Stored items from a collection:
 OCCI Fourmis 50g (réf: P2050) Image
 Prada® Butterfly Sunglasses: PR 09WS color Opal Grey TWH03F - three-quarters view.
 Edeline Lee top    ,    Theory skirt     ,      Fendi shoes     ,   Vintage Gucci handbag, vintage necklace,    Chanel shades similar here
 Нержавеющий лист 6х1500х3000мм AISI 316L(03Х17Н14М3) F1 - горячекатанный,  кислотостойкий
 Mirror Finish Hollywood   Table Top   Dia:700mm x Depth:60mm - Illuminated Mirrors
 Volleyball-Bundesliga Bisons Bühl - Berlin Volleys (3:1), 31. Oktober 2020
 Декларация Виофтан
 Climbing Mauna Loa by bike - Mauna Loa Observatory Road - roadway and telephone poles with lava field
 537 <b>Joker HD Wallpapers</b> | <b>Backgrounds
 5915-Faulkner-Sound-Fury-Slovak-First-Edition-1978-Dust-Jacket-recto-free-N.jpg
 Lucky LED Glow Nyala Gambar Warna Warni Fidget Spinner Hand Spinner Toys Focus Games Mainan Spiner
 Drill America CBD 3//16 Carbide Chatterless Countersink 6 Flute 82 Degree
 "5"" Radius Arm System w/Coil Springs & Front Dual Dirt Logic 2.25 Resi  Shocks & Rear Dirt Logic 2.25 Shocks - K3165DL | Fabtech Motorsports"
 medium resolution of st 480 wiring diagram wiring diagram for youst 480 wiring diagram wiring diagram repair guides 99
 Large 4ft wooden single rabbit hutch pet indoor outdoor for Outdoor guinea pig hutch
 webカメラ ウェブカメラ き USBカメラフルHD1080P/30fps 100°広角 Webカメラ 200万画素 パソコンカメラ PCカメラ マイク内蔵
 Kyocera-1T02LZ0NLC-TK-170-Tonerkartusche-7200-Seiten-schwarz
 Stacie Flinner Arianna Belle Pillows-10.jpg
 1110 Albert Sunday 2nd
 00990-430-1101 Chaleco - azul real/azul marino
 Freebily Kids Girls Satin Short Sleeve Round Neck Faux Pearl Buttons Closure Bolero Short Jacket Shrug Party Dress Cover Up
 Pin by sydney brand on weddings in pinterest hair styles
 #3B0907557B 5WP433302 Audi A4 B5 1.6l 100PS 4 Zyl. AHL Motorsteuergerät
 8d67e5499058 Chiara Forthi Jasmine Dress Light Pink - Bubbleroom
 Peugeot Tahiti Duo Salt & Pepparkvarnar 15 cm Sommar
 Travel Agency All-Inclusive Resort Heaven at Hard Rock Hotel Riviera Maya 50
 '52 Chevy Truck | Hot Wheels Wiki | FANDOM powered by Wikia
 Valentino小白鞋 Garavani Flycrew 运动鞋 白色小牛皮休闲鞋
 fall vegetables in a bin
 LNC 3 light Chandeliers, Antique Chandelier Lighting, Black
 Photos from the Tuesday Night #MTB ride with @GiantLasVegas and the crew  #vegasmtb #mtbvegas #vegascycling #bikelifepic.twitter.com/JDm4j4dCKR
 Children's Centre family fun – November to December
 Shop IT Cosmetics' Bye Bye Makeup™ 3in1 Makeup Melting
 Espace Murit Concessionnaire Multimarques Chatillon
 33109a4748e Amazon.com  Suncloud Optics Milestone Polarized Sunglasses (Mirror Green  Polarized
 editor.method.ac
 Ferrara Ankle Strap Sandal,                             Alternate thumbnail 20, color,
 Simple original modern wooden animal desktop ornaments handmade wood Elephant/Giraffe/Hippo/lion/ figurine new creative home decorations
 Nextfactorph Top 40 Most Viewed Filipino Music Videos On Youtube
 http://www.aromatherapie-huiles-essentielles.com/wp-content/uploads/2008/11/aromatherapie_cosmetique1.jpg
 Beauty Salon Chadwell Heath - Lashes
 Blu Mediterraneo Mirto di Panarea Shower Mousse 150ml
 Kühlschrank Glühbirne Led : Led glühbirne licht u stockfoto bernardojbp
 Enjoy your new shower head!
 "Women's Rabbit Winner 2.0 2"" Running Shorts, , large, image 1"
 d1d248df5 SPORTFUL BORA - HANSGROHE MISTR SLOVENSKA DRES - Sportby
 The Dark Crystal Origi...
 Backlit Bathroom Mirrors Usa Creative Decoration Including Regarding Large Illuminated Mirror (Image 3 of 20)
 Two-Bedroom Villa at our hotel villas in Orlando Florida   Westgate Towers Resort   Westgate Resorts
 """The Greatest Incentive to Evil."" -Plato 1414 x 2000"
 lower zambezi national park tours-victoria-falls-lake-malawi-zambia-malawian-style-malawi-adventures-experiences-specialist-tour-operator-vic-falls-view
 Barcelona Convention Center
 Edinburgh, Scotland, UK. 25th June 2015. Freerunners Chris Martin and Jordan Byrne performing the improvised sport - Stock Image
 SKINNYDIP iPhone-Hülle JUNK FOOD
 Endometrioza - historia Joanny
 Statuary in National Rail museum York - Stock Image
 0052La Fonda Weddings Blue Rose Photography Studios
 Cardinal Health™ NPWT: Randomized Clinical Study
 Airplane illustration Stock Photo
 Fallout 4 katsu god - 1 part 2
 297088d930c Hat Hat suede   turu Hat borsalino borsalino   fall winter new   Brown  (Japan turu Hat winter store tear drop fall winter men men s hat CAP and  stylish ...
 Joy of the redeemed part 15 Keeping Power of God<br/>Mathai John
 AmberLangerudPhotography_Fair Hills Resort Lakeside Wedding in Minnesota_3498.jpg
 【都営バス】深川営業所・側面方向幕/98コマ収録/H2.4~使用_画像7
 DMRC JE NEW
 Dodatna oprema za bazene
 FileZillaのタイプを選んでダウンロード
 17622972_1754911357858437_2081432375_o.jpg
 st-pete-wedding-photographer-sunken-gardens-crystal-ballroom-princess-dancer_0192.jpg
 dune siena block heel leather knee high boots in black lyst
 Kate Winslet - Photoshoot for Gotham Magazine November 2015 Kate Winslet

▶ **Problem requirements**
List all lines above in which the string "Dress" appears.

▶ **Solution**
 Freebily Kids Girls Satin Short Sleeve Round Neck Faux Pearl Buttons Closure Bolero Short Jacket Shrug Party Dress Cover Up
 8d67e5499058 Chiara Forthi Jasmine Dress Light Pink - Bubbleroom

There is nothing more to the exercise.